Two singles were released before the album's release. "Pictures on My Wall" (as "The Pictures on My Wall"), the band's first single, was released on 5 May 1979. The single version was recorded before de Freitas had joined the band, but the song was re-recorded for the album with de Freitas on drums. The band's second single, "Rescue", released on 5 May 1980, became the band's first song to chart when it reached number 62 on the UK Singles Chart.

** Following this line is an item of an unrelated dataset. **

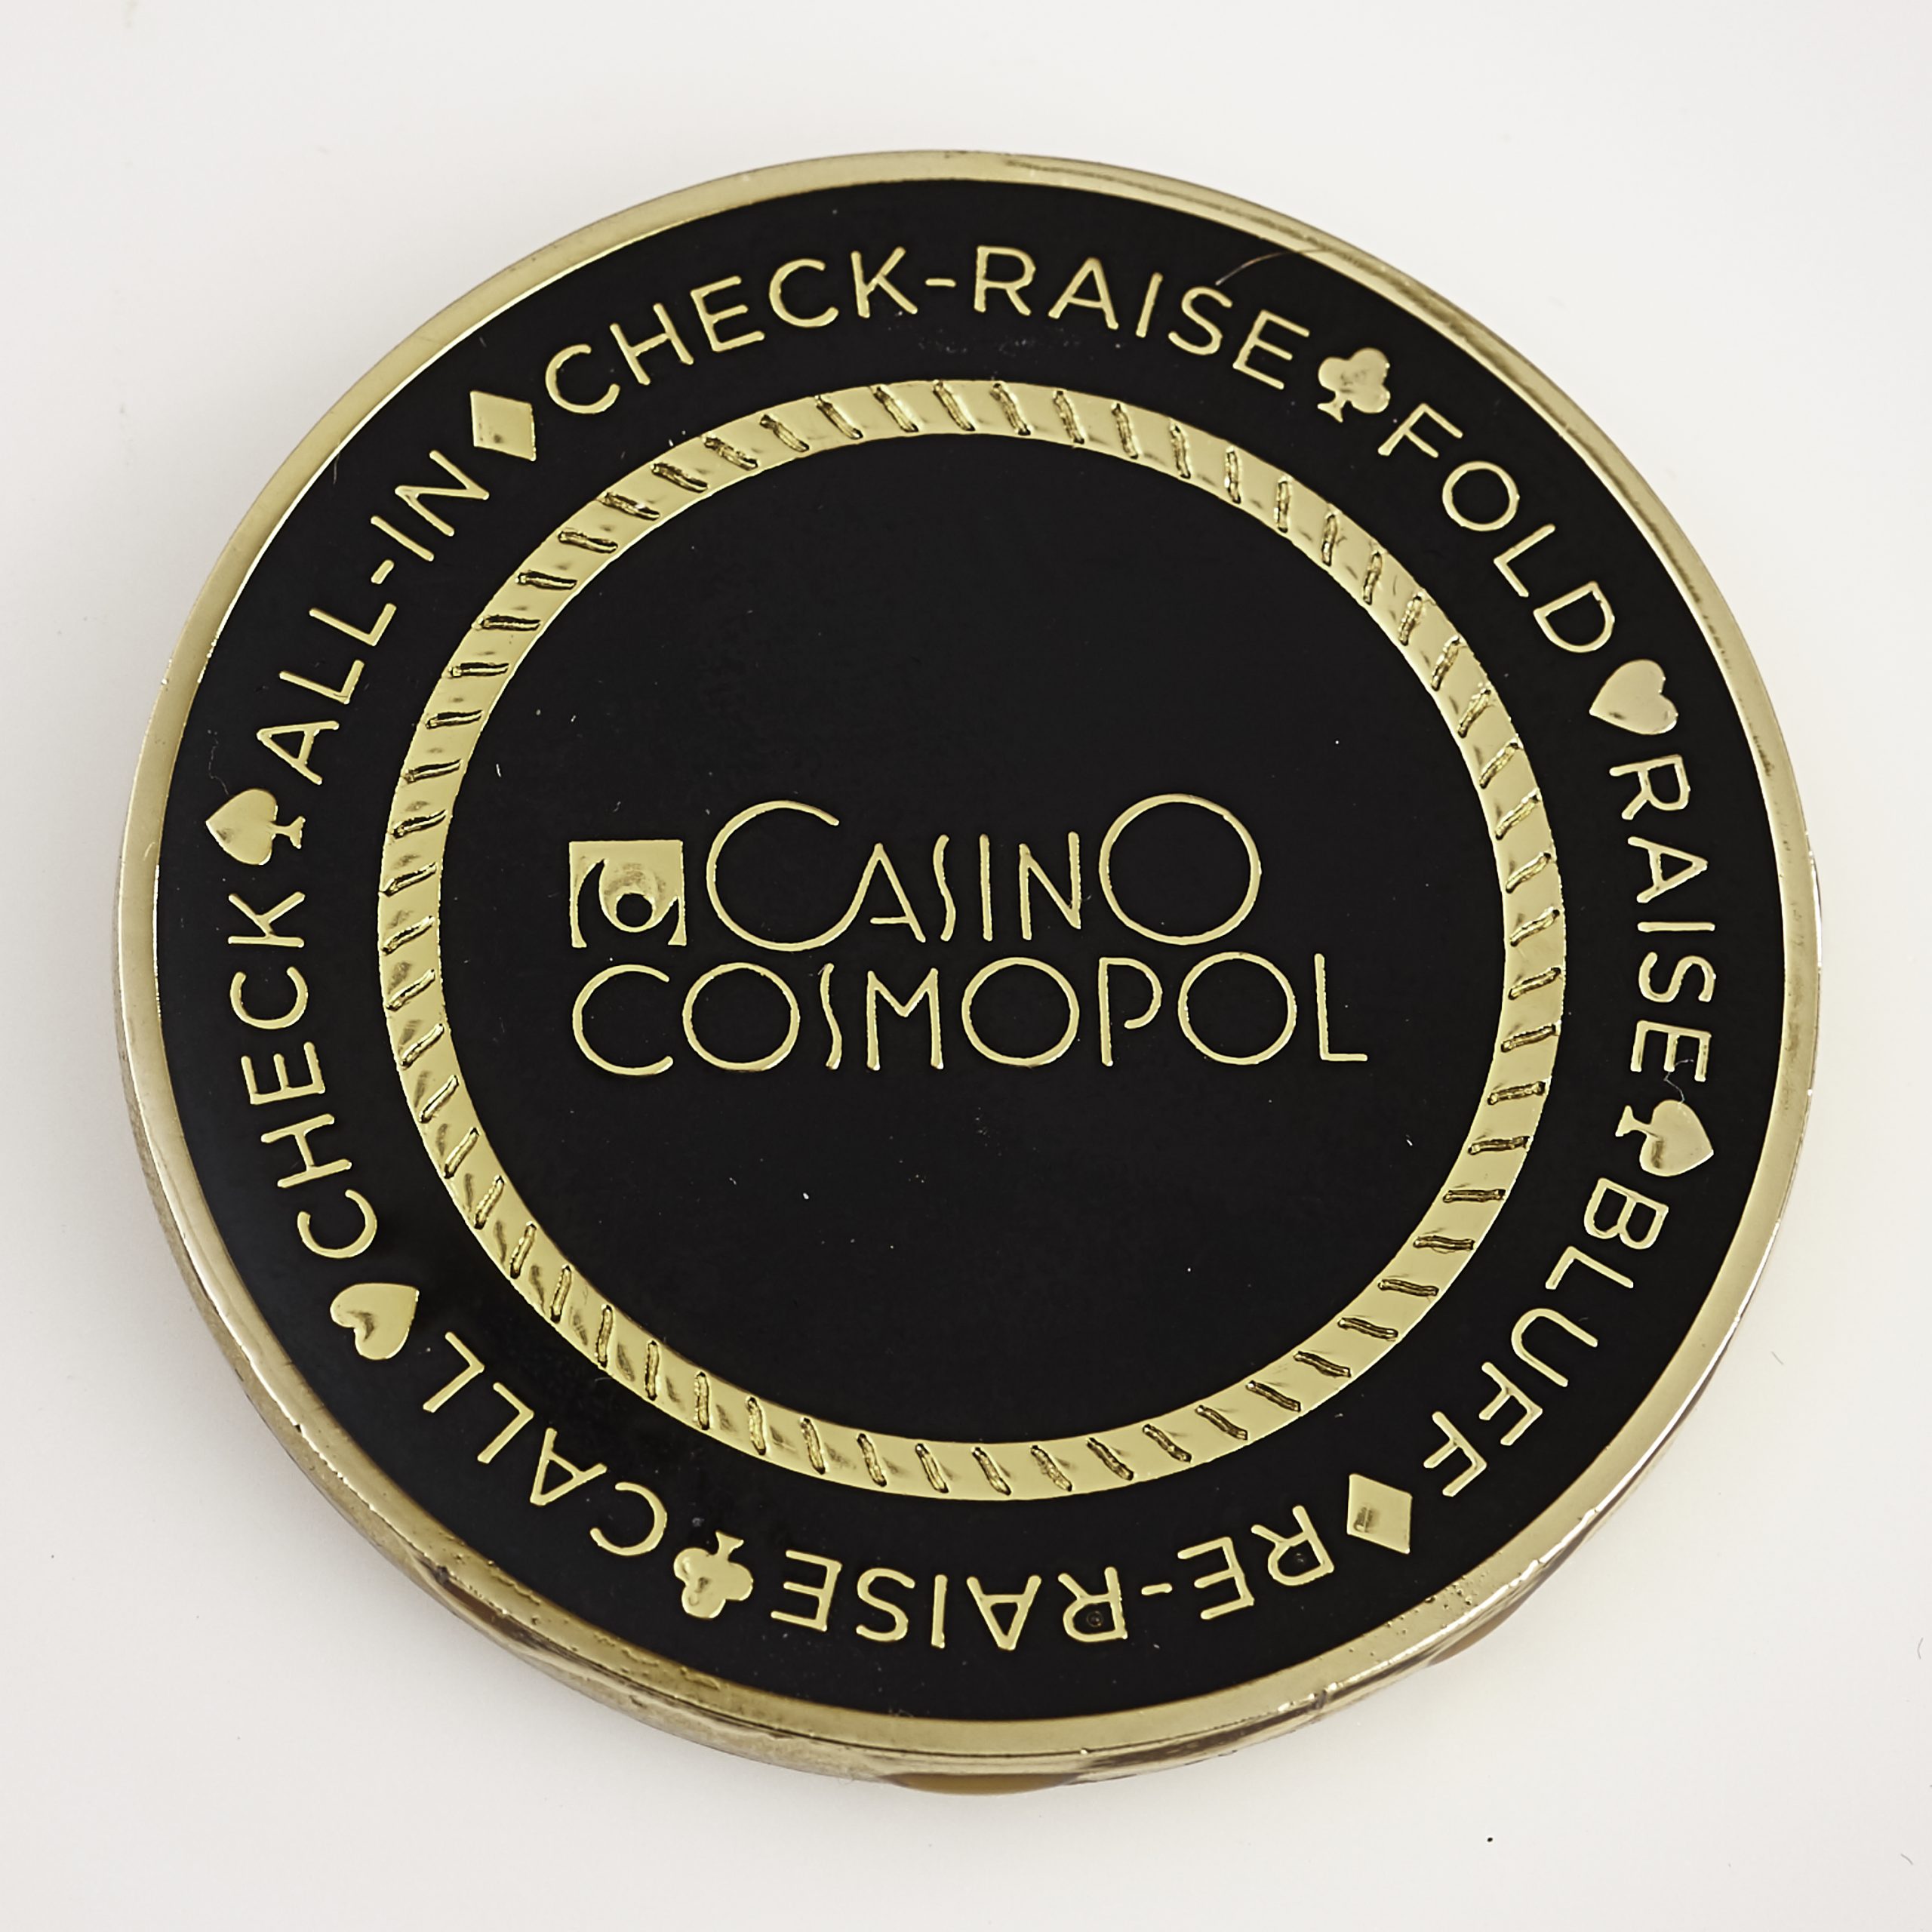 CASINO COSMOPOL, EUROPEAN DEALER CHAMPIONSHIP, Poker Card Guard

Scottish band Idlewild covered the track "Rescue" on their single "These Wooden Ideas" in June 2000. In late 2001, American singer-songwriter Kelley Stoltz released the album Crockodials, a track-by-track cover version of the original Crocodiles album.

==Reception and legacy==

Writing for NME in 1980, Chris Salewicz described the album as "being probably the best album this year by a British band." In his review of the album for Smash Hits, Ian Cranna said that the album was "proof positive that there's just no substitute for a good song delivered with power and emotion." Cranna added, "[The band] deliver attractive melodies with dark and moody (but not obscure) personal lyrics, all turned into compulsive listening by a driving beat, ringing guitars and a hauntingly emotional voice." Reviewing the album in 1981 for Rolling Stone magazine, David Fricke awarded it four out of five stars and described McCulloch's vocals: "[He] specializes in a sort of apocalyptic brooding, combining Jim Morrison-style psychosexual yells, a flair for David Bowie-like vocal inflections and the nihilistic bark of his punk peers into a disturbing portrait of the singer as a young neurotic." Fricke went on to say, "Behind him, gripping music swells into Doors-style dirges ('Pictures on My Wall'), PiL-like guitar dynamics ('Monkeys'), spookily evocative pop ('Rescue') and Yardbirds-cum-Elevators ravers jacked up in the New Wave manner ('Do It Clean,' 'Crocodiles')." Reviewing the 2003 remastered version for American music magazine Blenders website, reviewer Andrew Harrison also gave the album four out of five stars and said, "[...] the Bunnymen were a pure nihilistic thrill, with Will Sergeant's desperate, mantra-like guitar summoning up a primal night of blinking hallucinations."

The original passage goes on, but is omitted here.